What the exercise asks: Here is the task for the listing below: output exactly the lines from the one containing "Uma cena do" through the one containing "Men's Combed Cotton", and leave out the pictures.

Input records:
=== Begin Enclosure ===

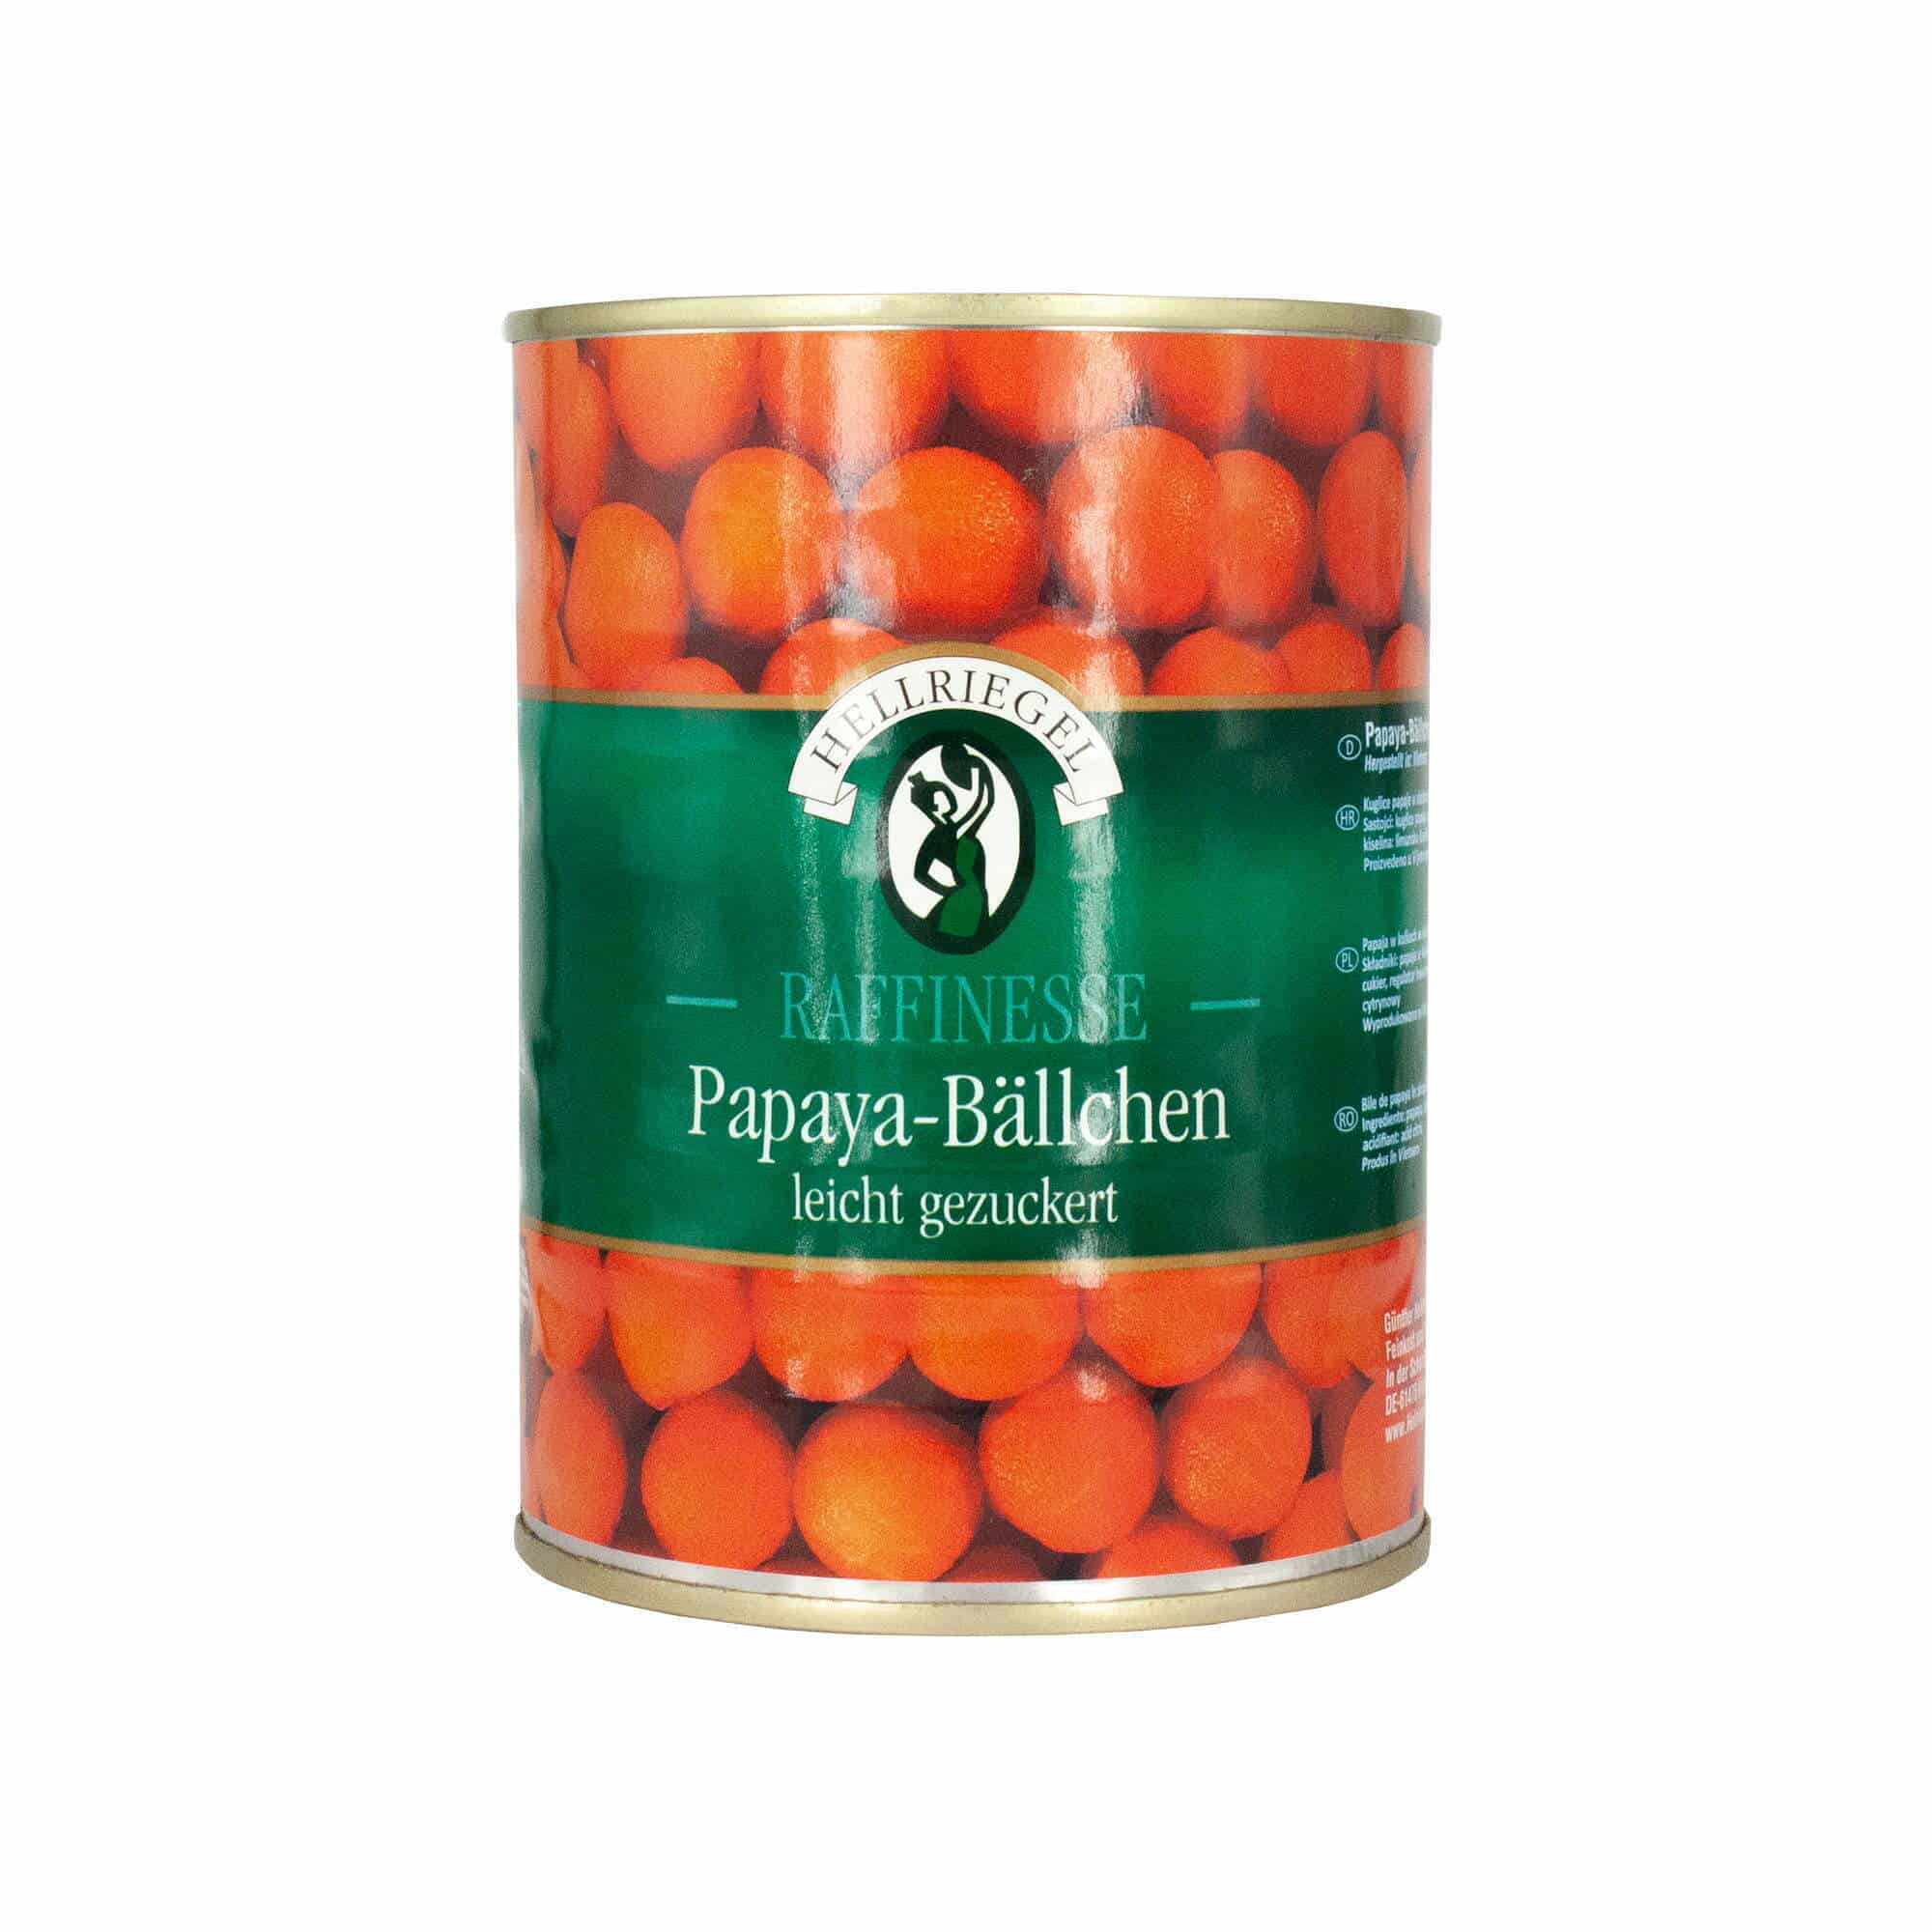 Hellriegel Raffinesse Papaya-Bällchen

=== End Enclosure ===
=== Begin Enclosure ===

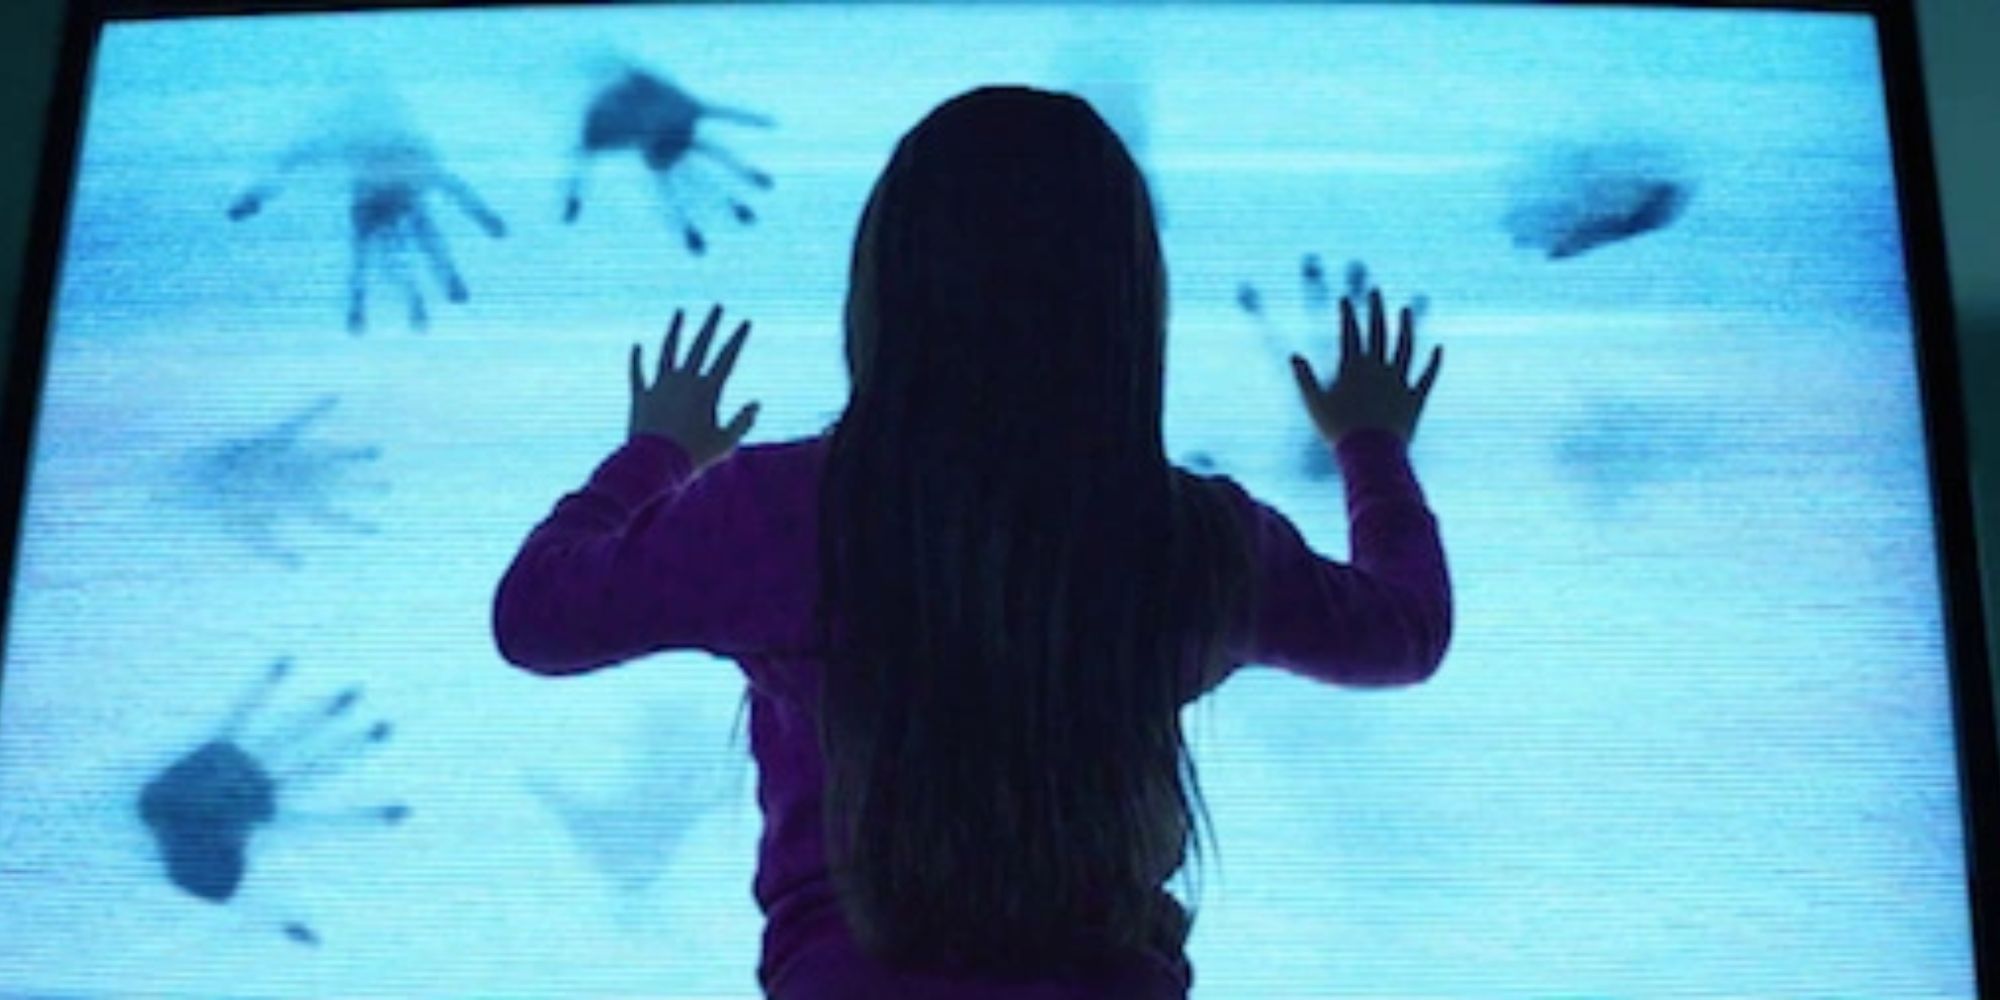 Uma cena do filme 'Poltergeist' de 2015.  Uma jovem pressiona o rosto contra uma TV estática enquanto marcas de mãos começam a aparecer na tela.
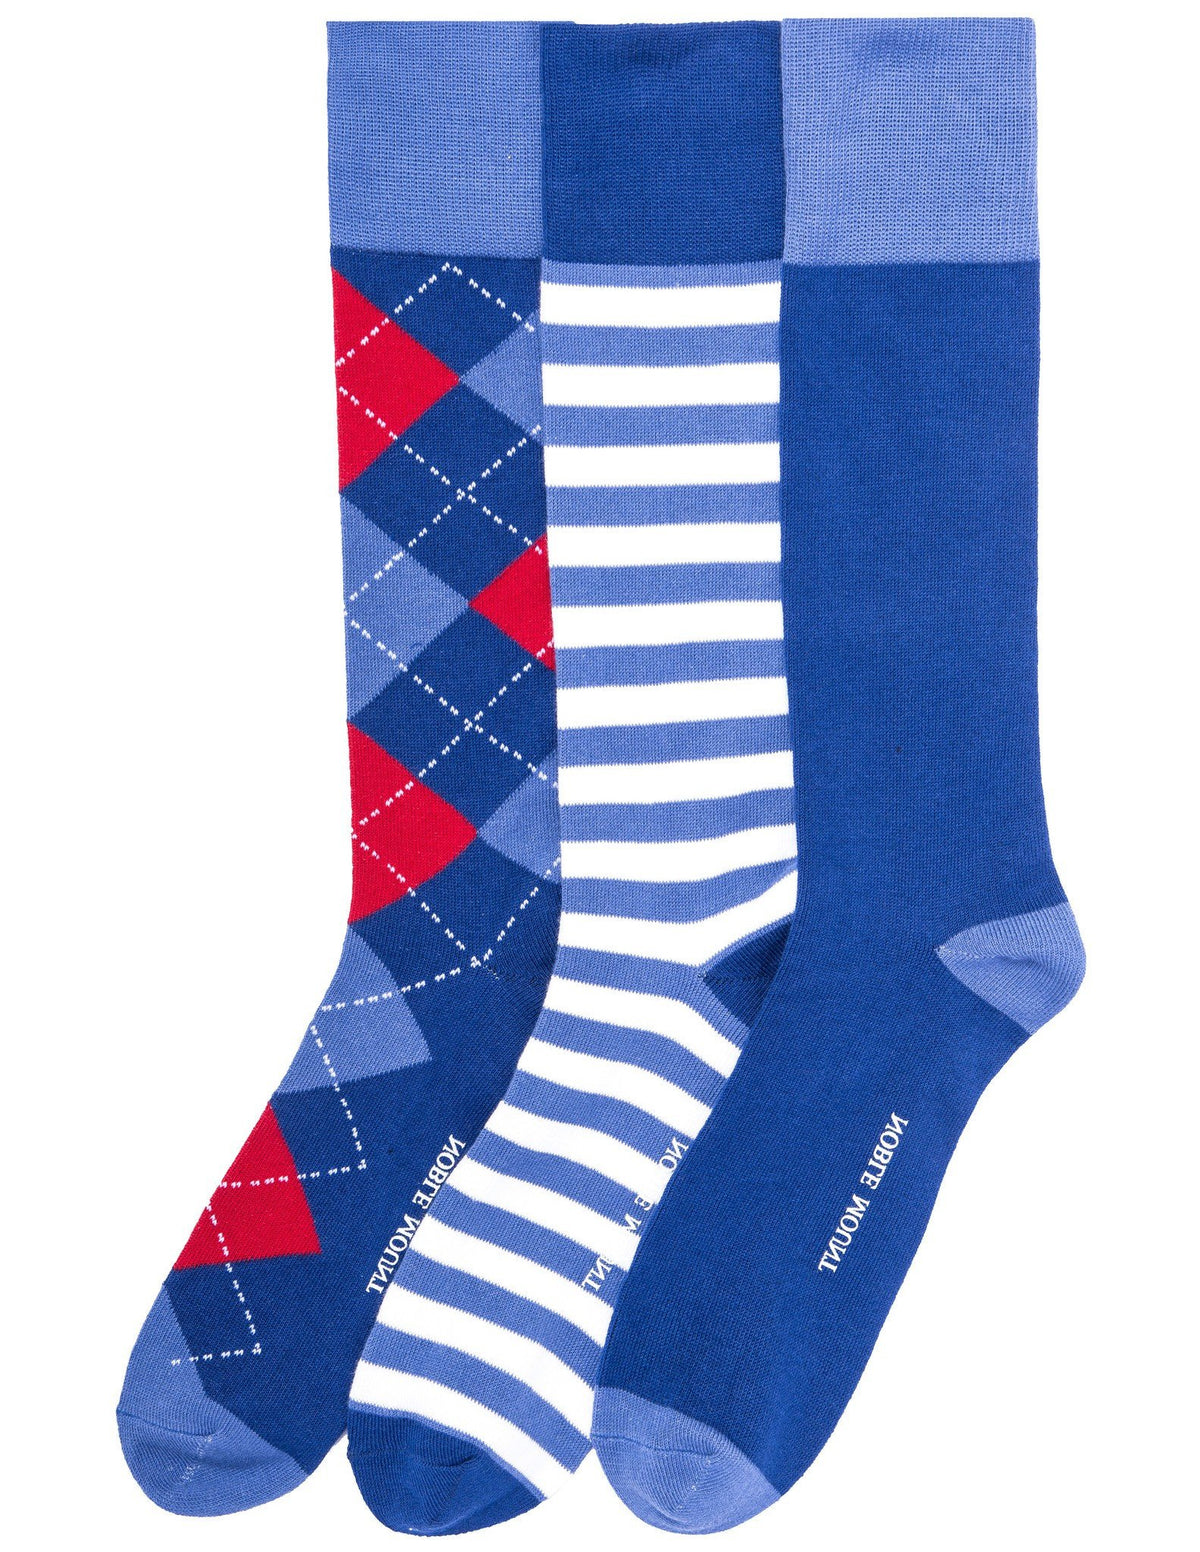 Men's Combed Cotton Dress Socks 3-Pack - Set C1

=== End Enclosure ===
=== Begin Enclosure ===

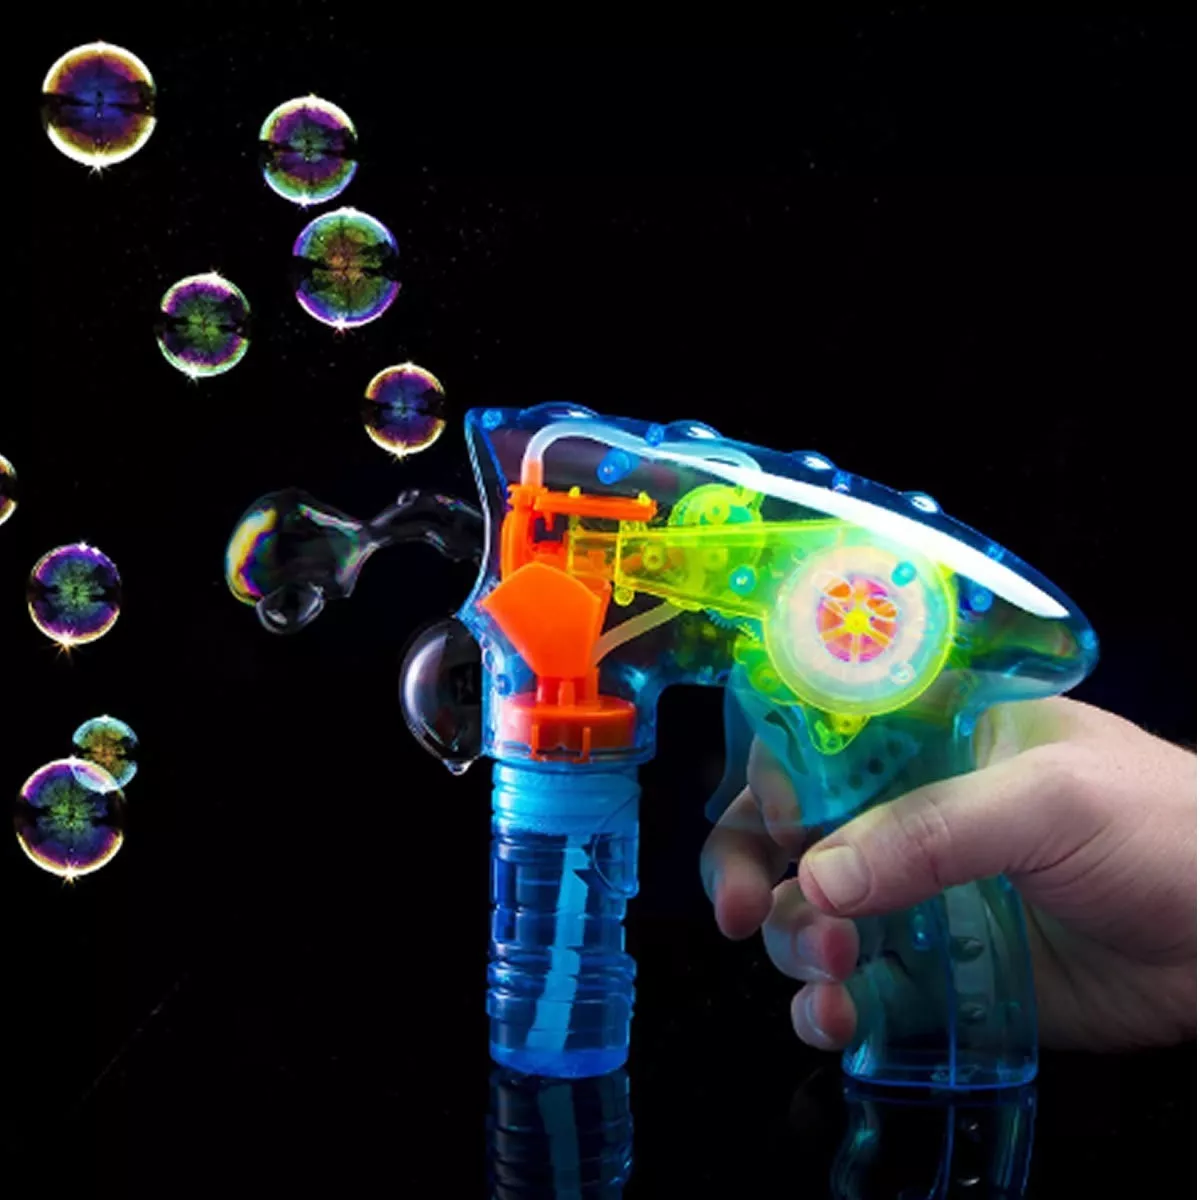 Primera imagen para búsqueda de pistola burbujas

=== End Enclosure ===

Answer to this task:
 Uma cena do filme 'Poltergeist' de 2015.  Uma jovem pressiona o rosto contra uma TV estática enquanto marcas de mãos começam a aparecer na tela.
 Men's Combed Cotton Dress Socks 3-Pack - Set C1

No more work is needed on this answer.